As is the custom, I found myself watching A Charlie Brown Christmas in preparation for the holiday. As is the custom, it made me feel existential about my own career. As is the custom, I found myself rambling about it on my letterboxd.

Whether or not this is particularly interesting to anyone, here it is! It touches upon how I write and think of Blind Alley and my longer work.

As a fan of both animation and as someone who owes a life debt  to Peanuts, there's a captivating quality to watching this. Beyond the bare existential content of the short, there’s this element of what it is that really gets my brain churning. Watching something made so cheaply, quickly (within six months), unconventionally (a jazz score??) and that was written within a day manage to hit a home run is so  strangely inspiring. The whole thing is barely holding together and yet, inarguably, that is where its charm lies.

Much like the comic strip industry that Peanuts was created within, in the modern day the  conditions this film was made under are un-replicateable. The idea that  something could be written within a day and that that something could be  good enough to be called finished within that very day is so foreign to how we’re taught to “craft” stories. That’s not a luxury any creator is  afforded nowadays and I’m also not certain it’s a gift we would all benefit from.  And yet, undeniably, If the writing was more laboured over it  wouldn't feel like the strip! The amount of man-hours that animation requires necessitates a lot of planning from the beginning but I remain skeptical of the modern approach (many cooks/many kitchens).

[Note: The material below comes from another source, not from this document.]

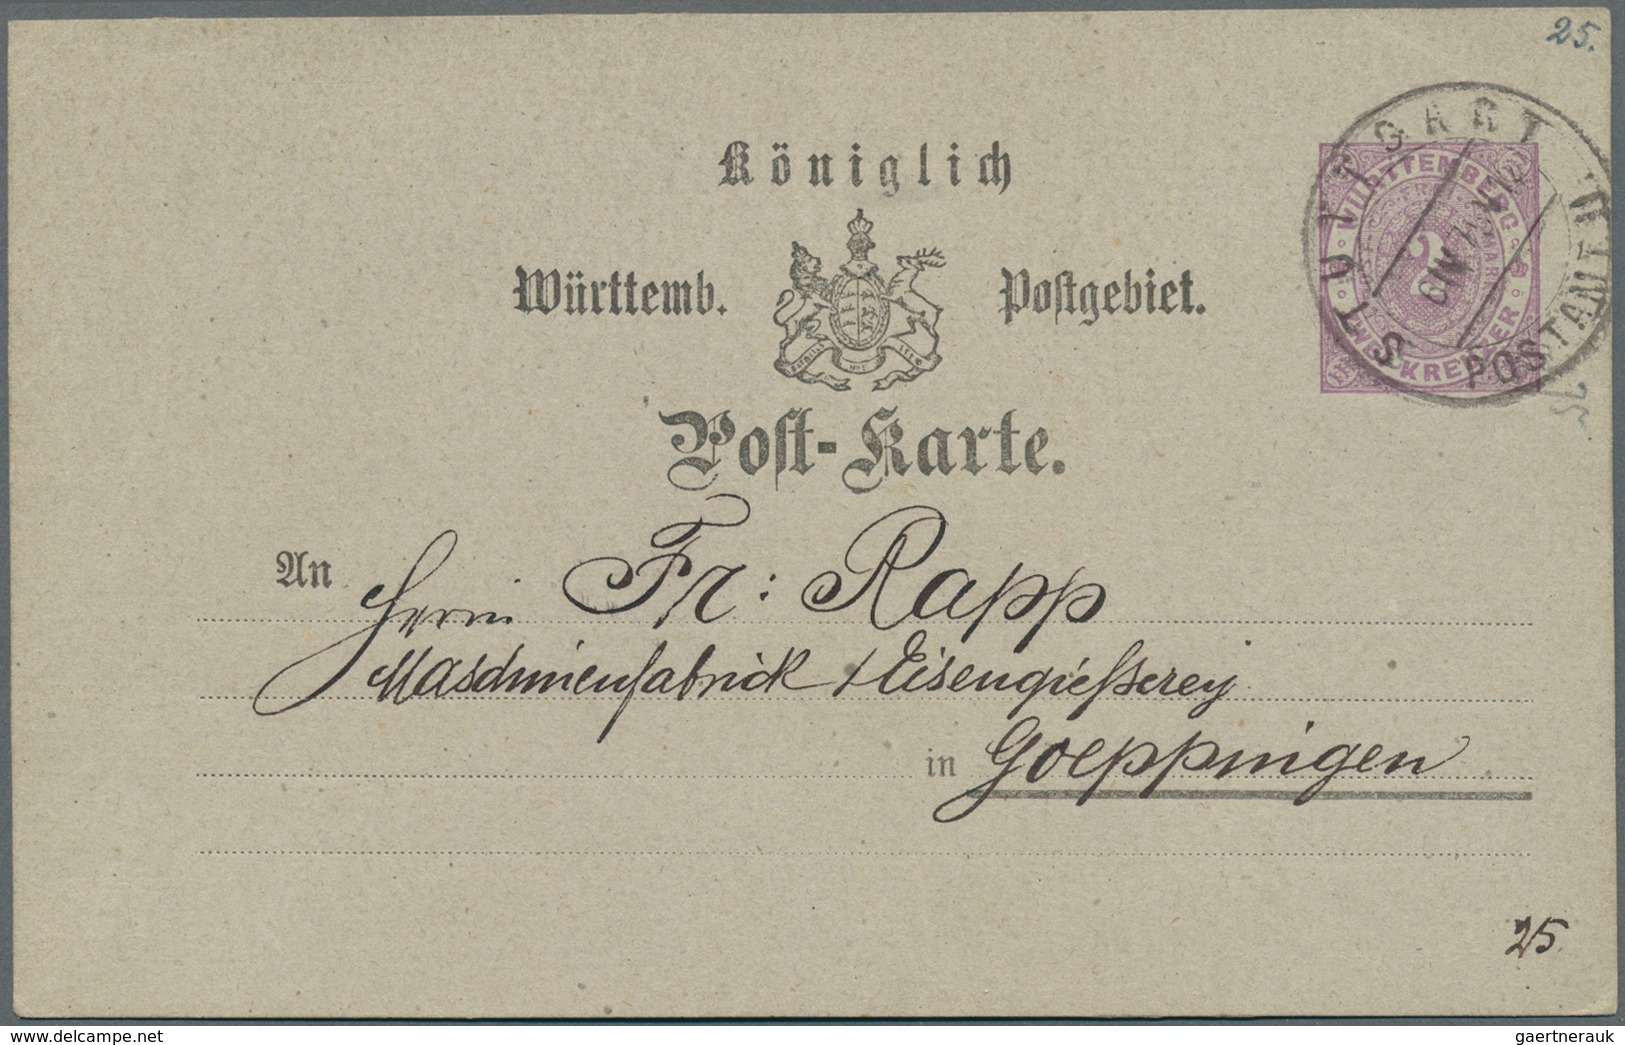 Württemberg - Ganzsachen: 1875/1918, Partie von ca. 50 gebrauchten und ungebrauchten Ganzsachen, dab
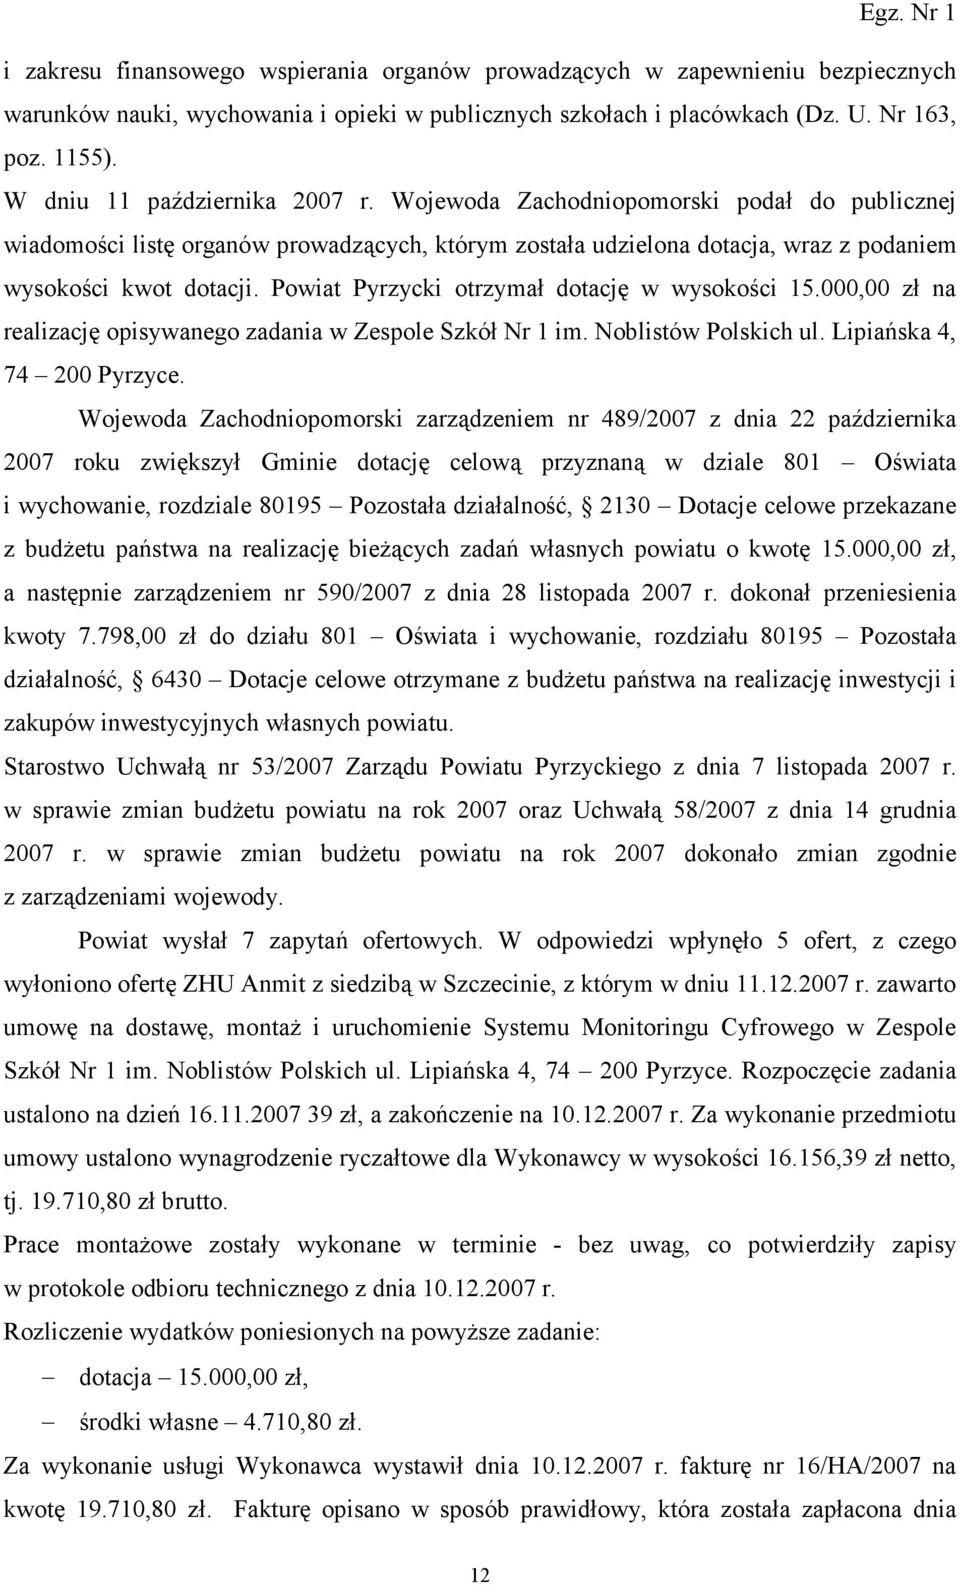 Powiat Pyrzycki otrzymał dotację w wysokości 15.000,00 zł na realizację opisywanego zadania w Zespole Szkół Nr 1 im. Noblistów Polskich ul. Lipiańska 4, 74 200 Pyrzyce.

As I dip my toes into what I hope will be my second graphic novel, I find myself thinking a lot about  how we're allowed to make things, as cartoonists, and how the systems we create stories for shapes what they are and how they’re told. What would the stories I wish to tell look like if I didn’t have an editor helping chisel it down to its sharpest, most functional, form? Does a story even require such clarity? Whether or not the completely personal un-edited story would be better, it would certainly be different; stranger, more personal, with its intentions slightly obfuscated. If I am honest with myself, when I write my comic strip it feels like I am tapping into an old, forgotten, or not entirely quantifiable way of telling a story. To say it feels anti-establishment feels like a bit of a stretch but splitting my time between publishable work for “big” publishers and small work, like a self published comic strip, has made me feel the tension in my lower back. None of it matters  that much - I am grateful I get to tell any story for any audience but I  am skeptical of the thought that a story must be a precise, useful,  diagrammatic, or functional thing.

Comments

i wanna follow ur letterboxd!!!

Augustine. C

There are two main reasons why the Peanuts Christmas special has had the staying power it has: Clarity of purpose and sincerity. The team that made the special actually had things to say about religion, kindness, and the commercialization of the holiday and said these things in the way they wanted to rather than what they thought would sell well at the time. Which is ironic since this approach is actually the recipe for success a lot of media producers are searching for. People may gravitate towards the safe and familiar, but what they ~actually~ want is unique points of view expressed in an interesting way. Everything else (like a big budget or big celebrity names) is just icing on the cake.